All the generations of monks are linked to each other. And we are the present-day link. Everything that monks did in one era – the stories of the desert fathers, the clearing of the wilderness of Cîteaux, the epic journey of de L’Estrange – all this is reformulated and rediscovered in every generation, so that it may be clearly seen that their works were done in God.
Every age contains all ages. Every monk was seen and comprehended by the first desert father. Benedict and Cassian were responsible for one another: Cassian for Benedict’s future, Benedict for Cassian’s past. Each monk is thus responsible for all monks, for each monk resembles Anthony in his solitude and de Rancé in his austerity and Pachomius in his community life. Nothing that happened to them is lost; it has eternal life in us, as long as we live the truth of our tradition.
All these characters are our contemporaries, because we are all in Christ, who is risen from time and space.

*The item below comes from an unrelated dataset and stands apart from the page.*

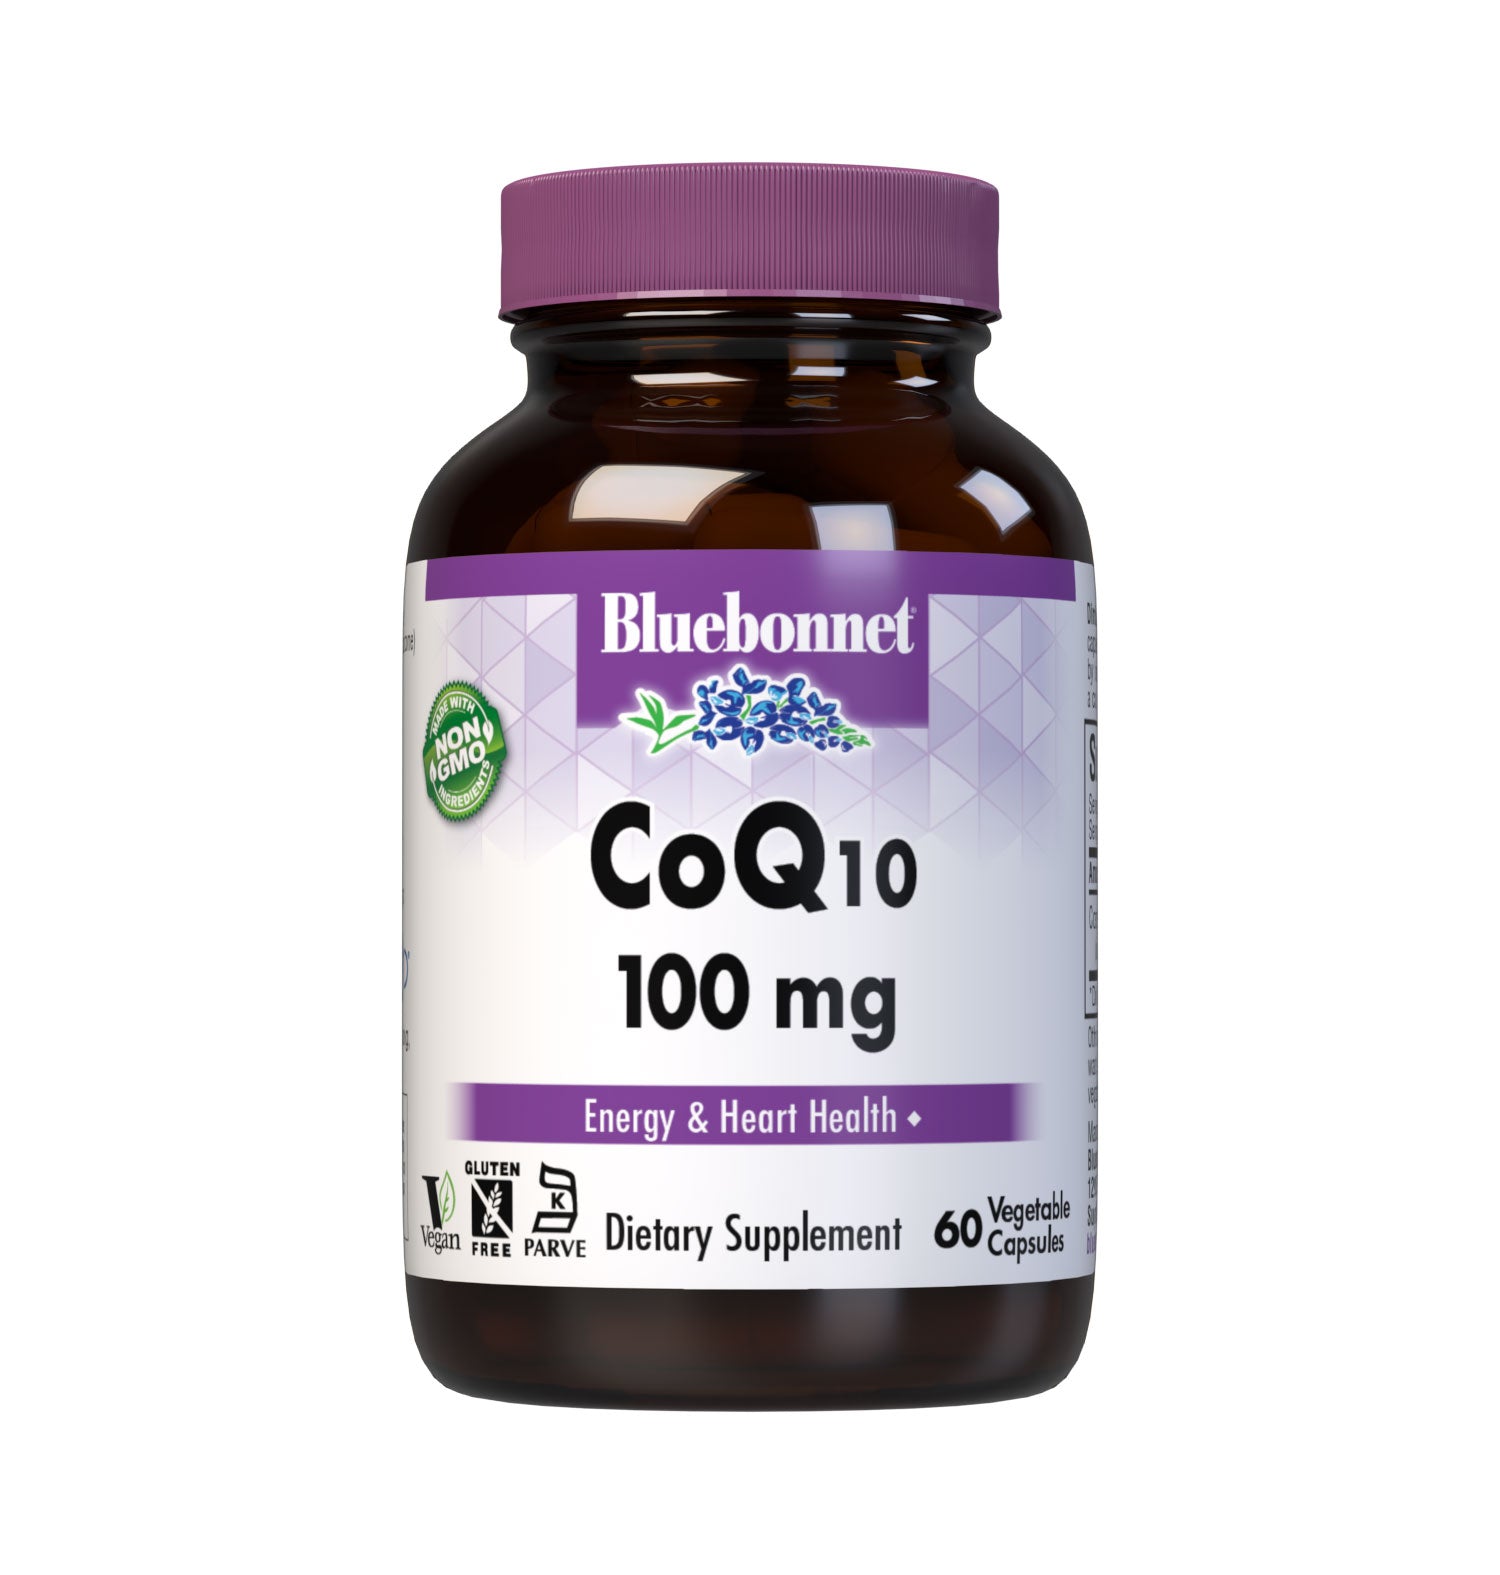 Bluebonnet’s CoQ10 100 mg 60 Vegetable Capsules provide 100% “trans-isomer” coenzyme Q10. Available in easy-to-swallow vegetable capsules for maximum assimilation and absorption. #size_60 count

Their struggles are our struggles. Their search for God contains ours. They show that the monk’s road to God is lit up by the truth of our tradition. Our Suscipe, “Receive me, O Lord”, links us to a timeless God and to all those who have pronounced the same words in this world of time.
For we are responsible for a vocation we have not invented, for glorifying the Lord as only monks can. Together with the monks of all times, let us praise his name and live the truth, so that our works may be clearly seen as done in God.